Every line of the listing below from the one with "El tronco/chimenea de" up to and including the one with "Reunión del coordinador" should be retyped exactly, and nothing else; pictures are not part of the copy.

> [Input for this task]:
==============================

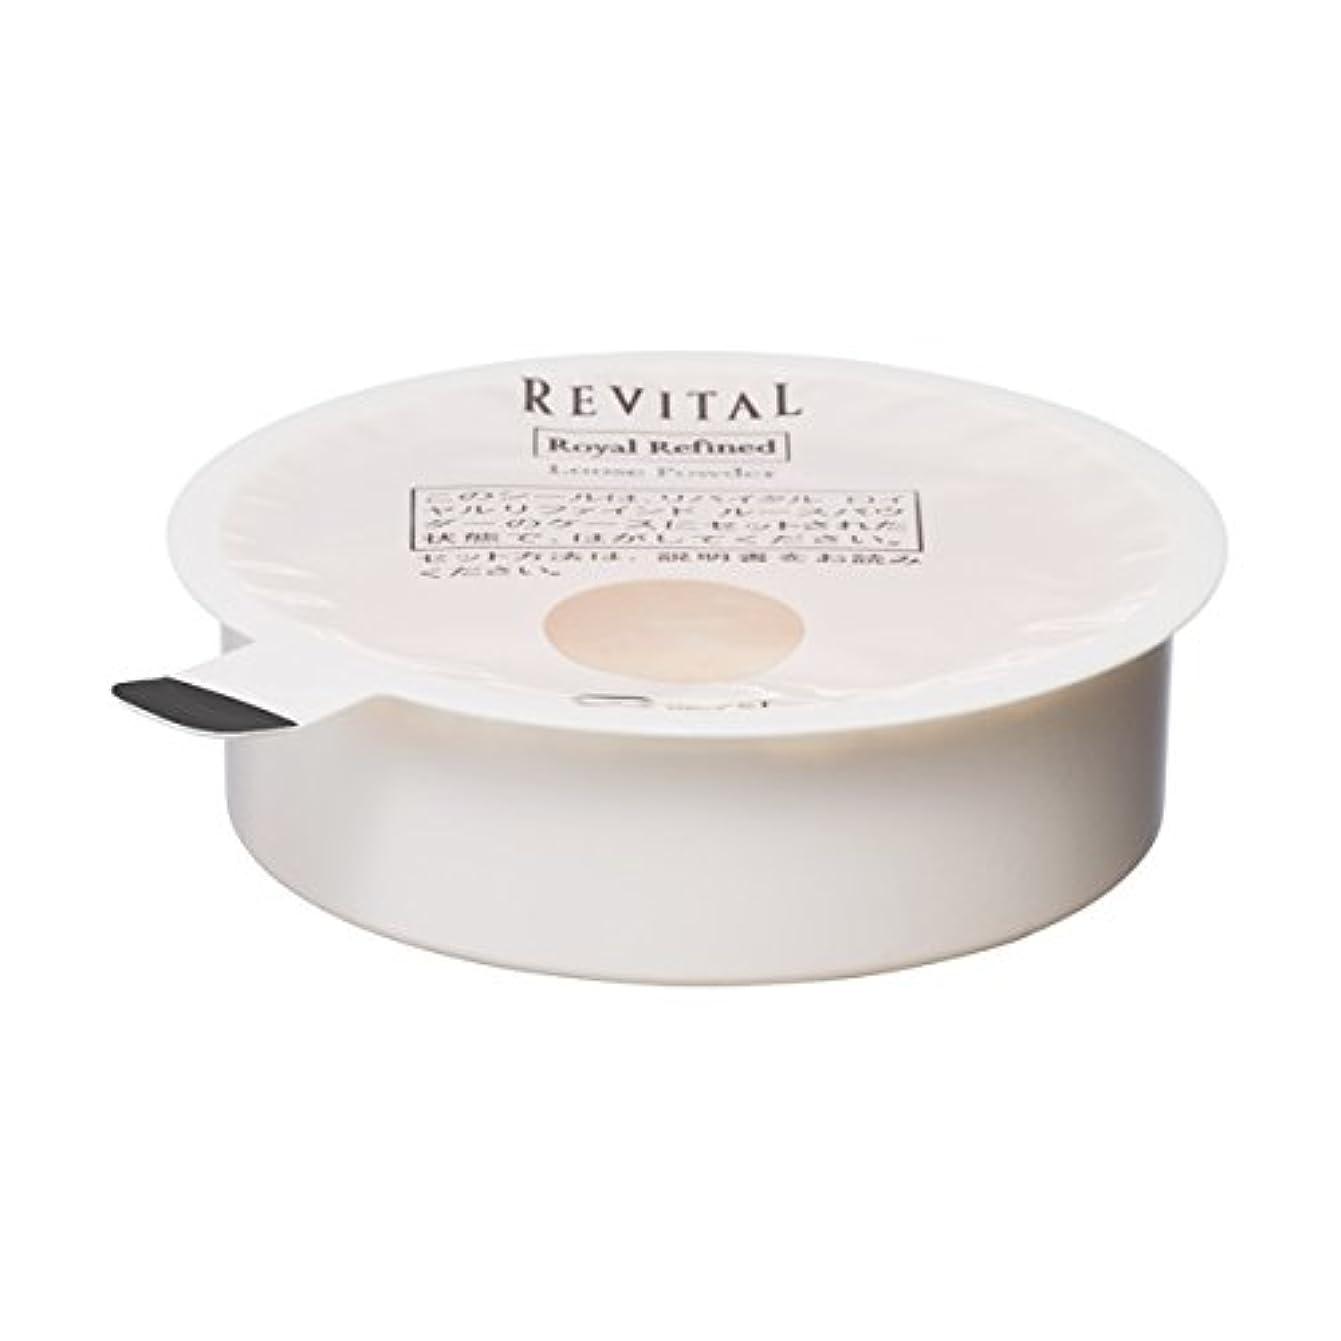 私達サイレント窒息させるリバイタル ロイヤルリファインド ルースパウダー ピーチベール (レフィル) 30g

==============================

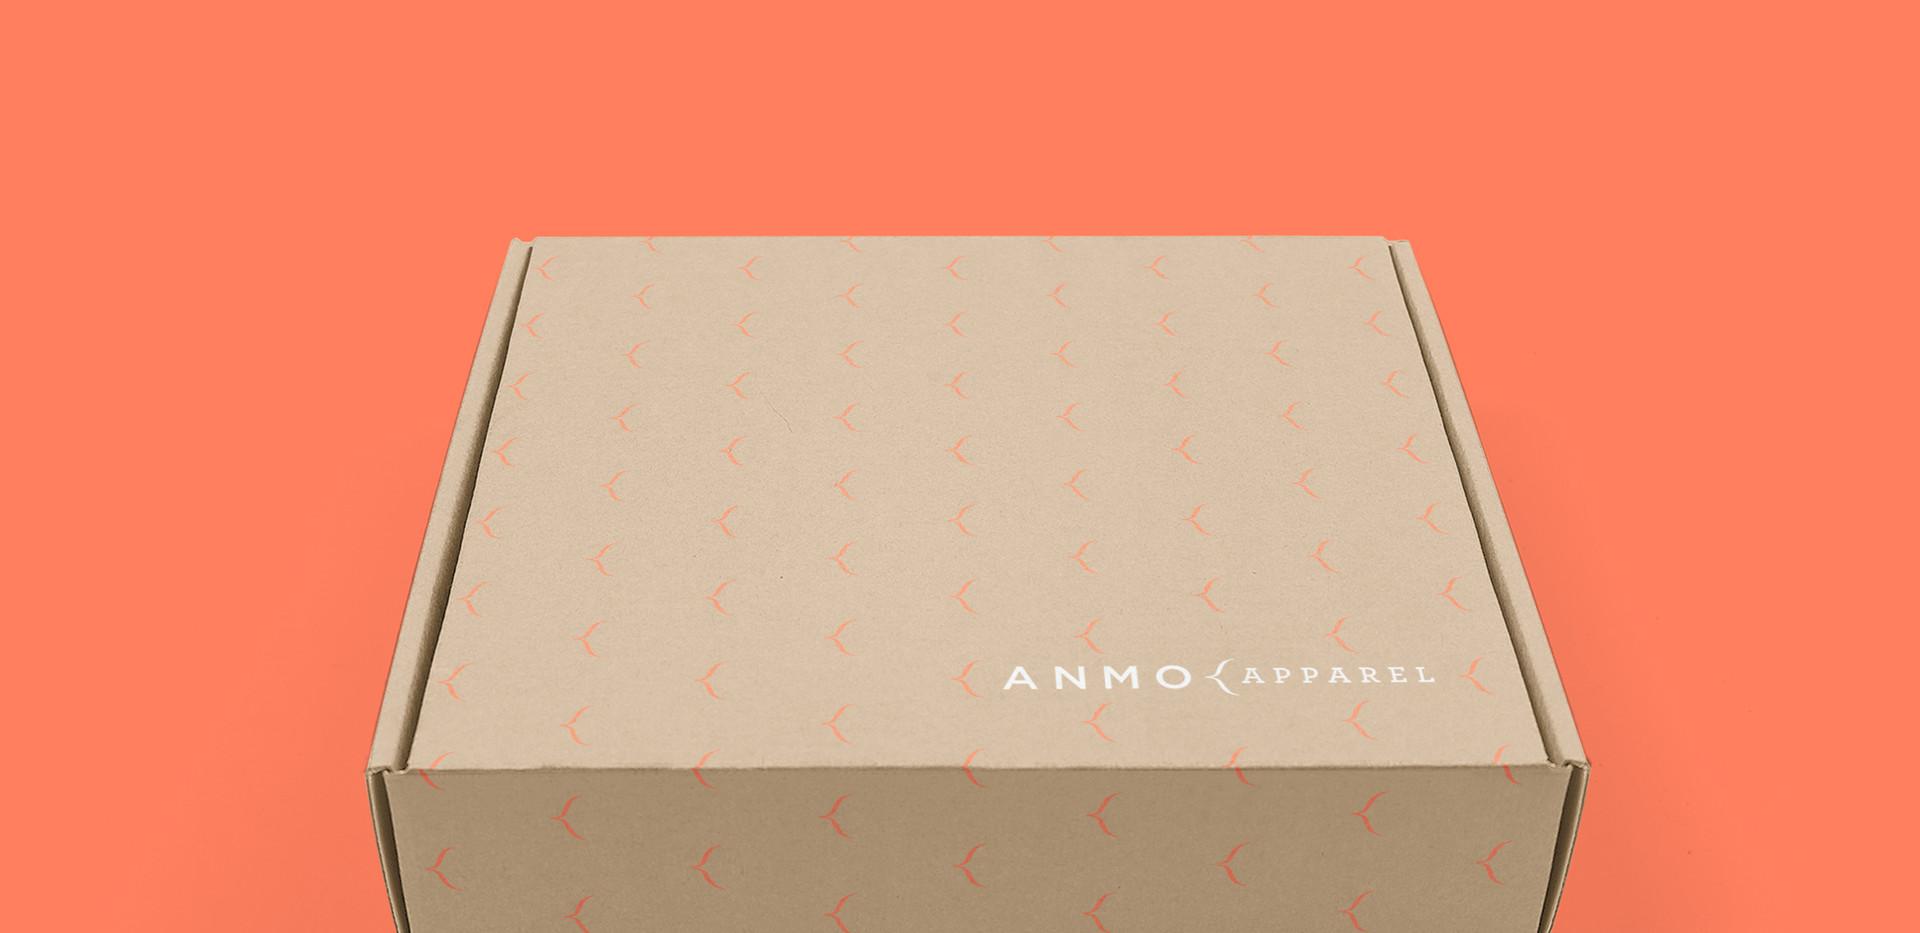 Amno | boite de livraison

==============================

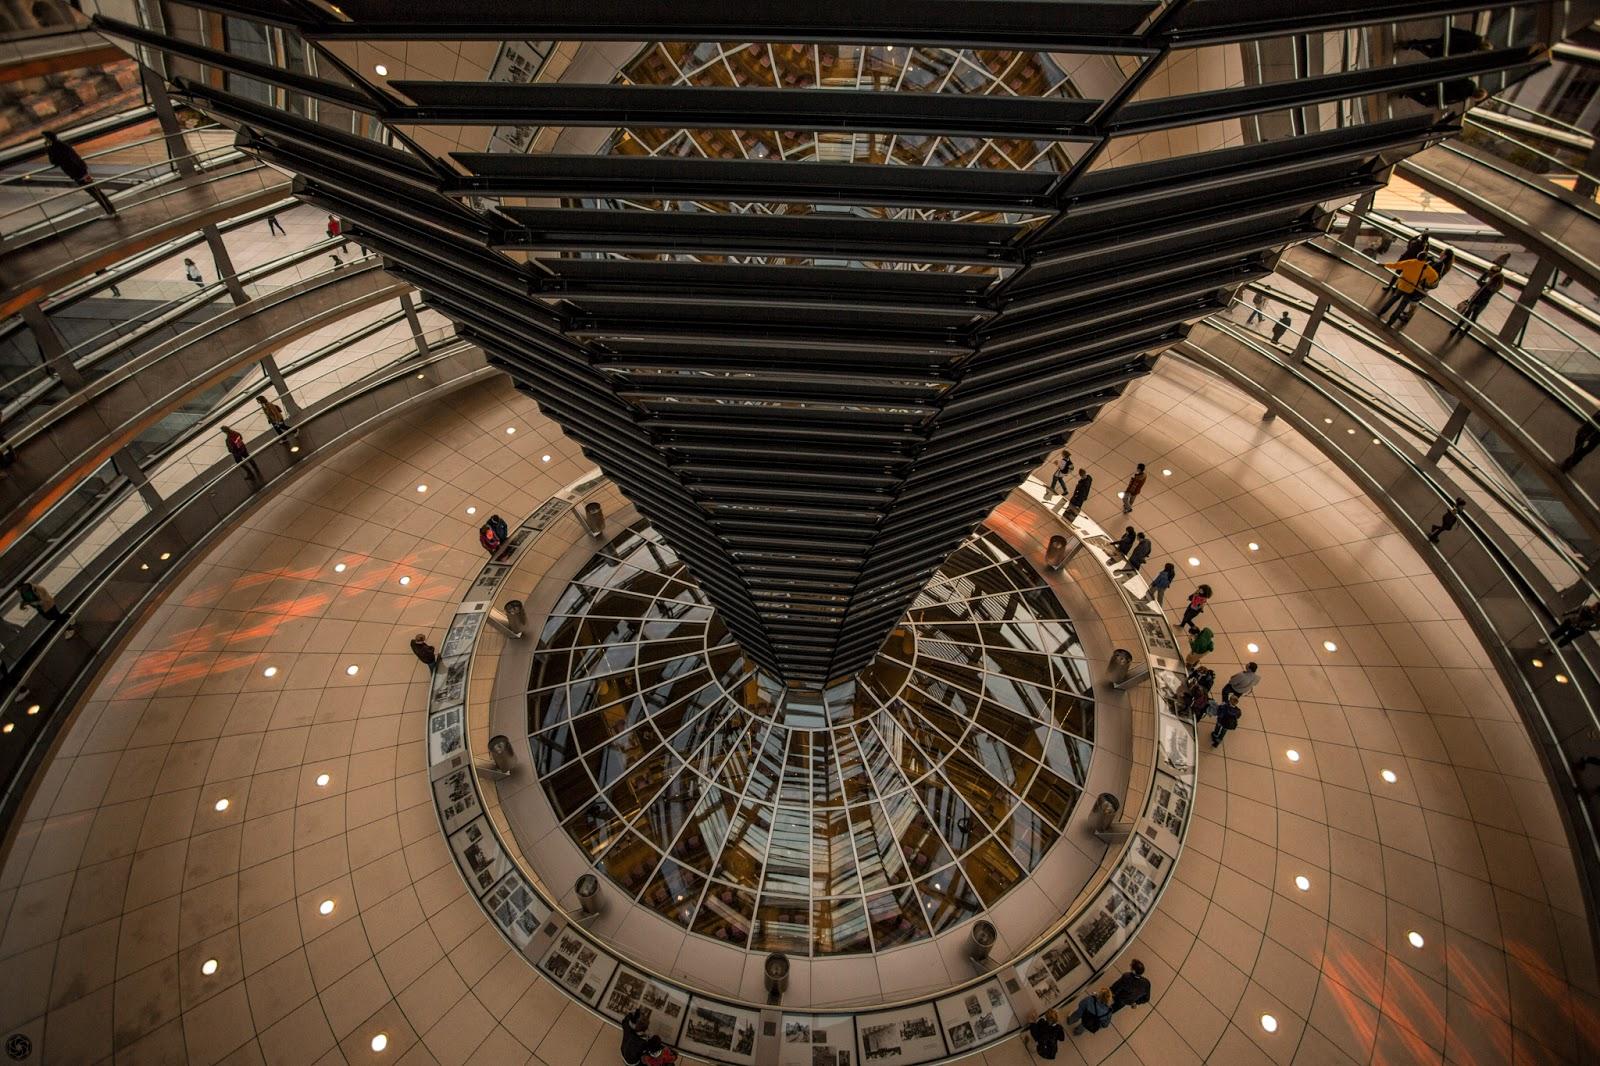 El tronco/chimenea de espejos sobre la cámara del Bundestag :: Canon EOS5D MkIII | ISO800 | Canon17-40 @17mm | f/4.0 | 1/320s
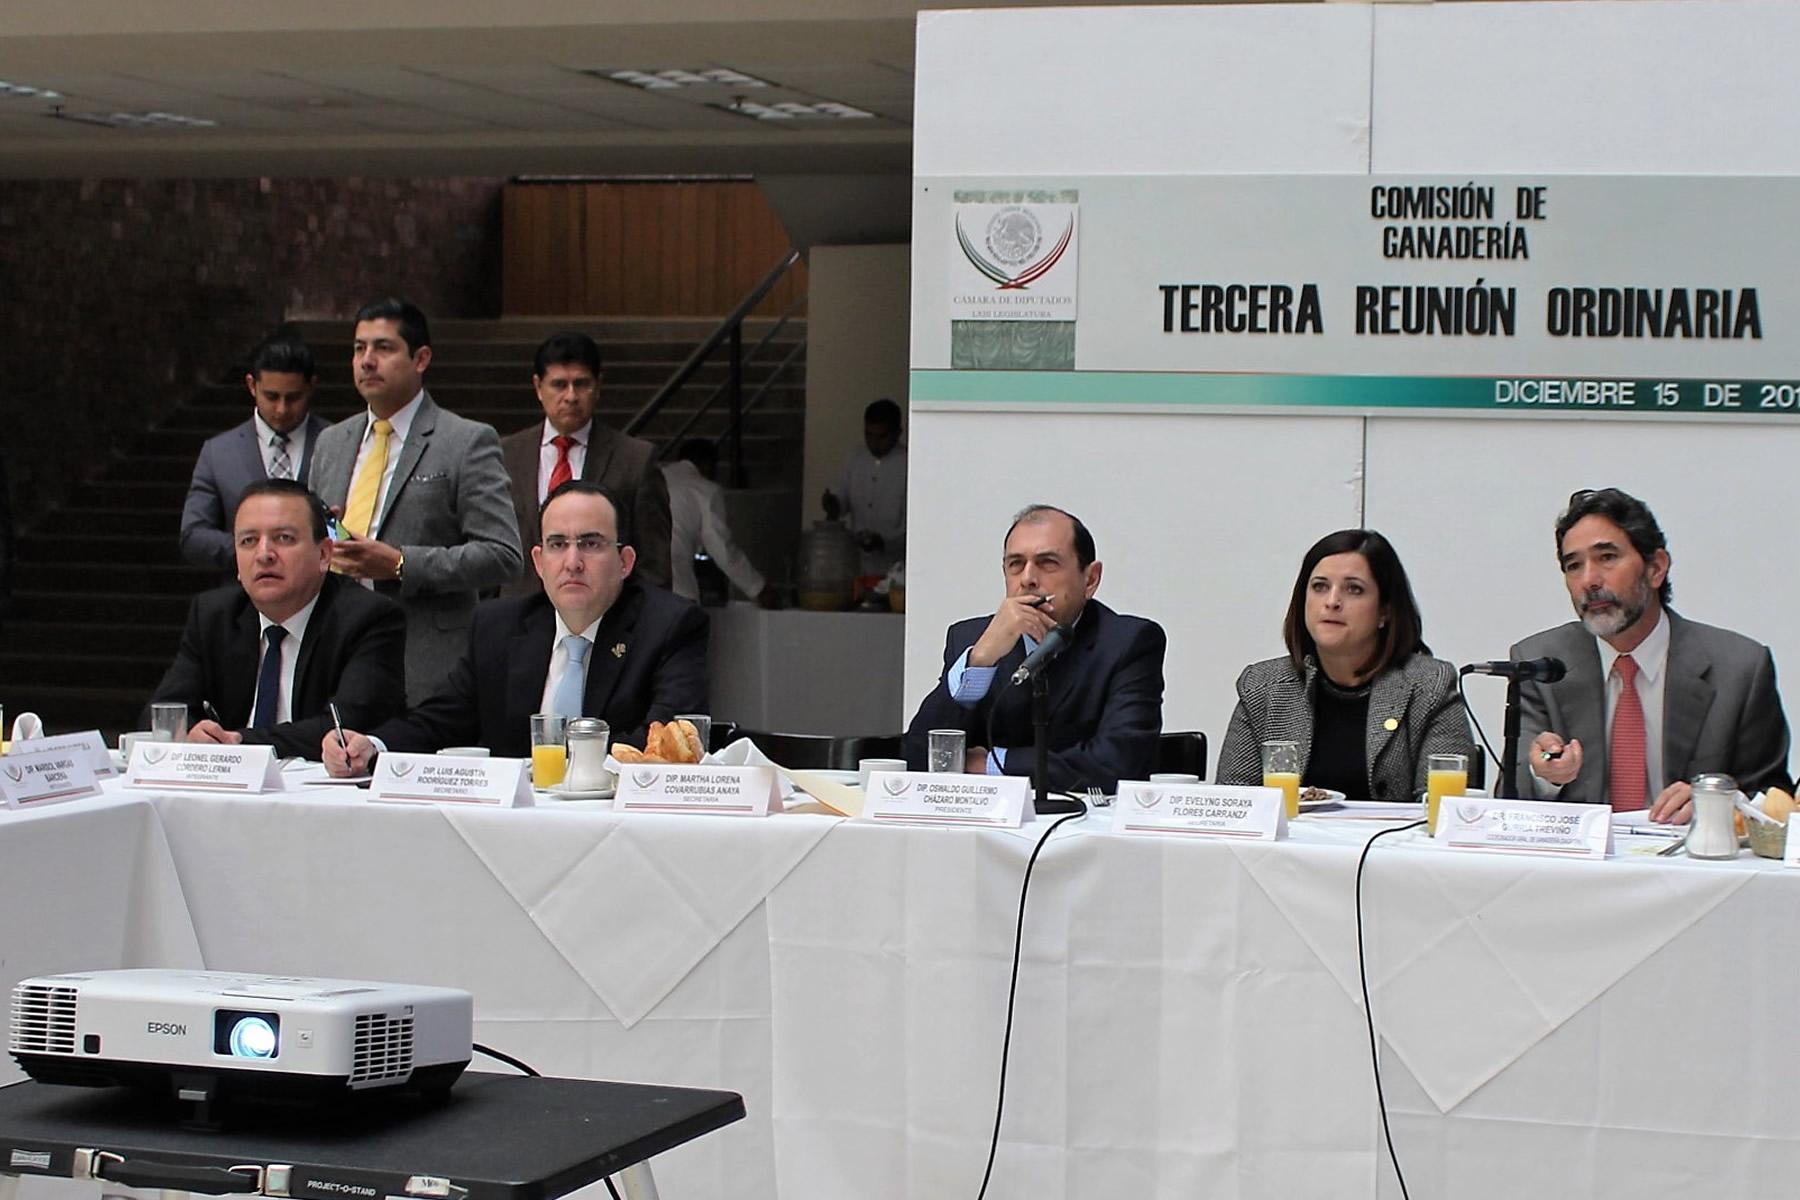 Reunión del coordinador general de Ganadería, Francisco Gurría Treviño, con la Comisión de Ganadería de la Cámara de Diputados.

==============================

> [Task result]:
 El tronco/chimenea de espejos sobre la cámara del Bundestag :: Canon EOS5D MkIII | ISO800 | Canon17-40 @17mm | f/4.0 | 1/320s
 Reunión del coordinador general de Ganadería, Francisco Gurría Treviño, con la Comisión de Ganadería de la Cámara de Diputados.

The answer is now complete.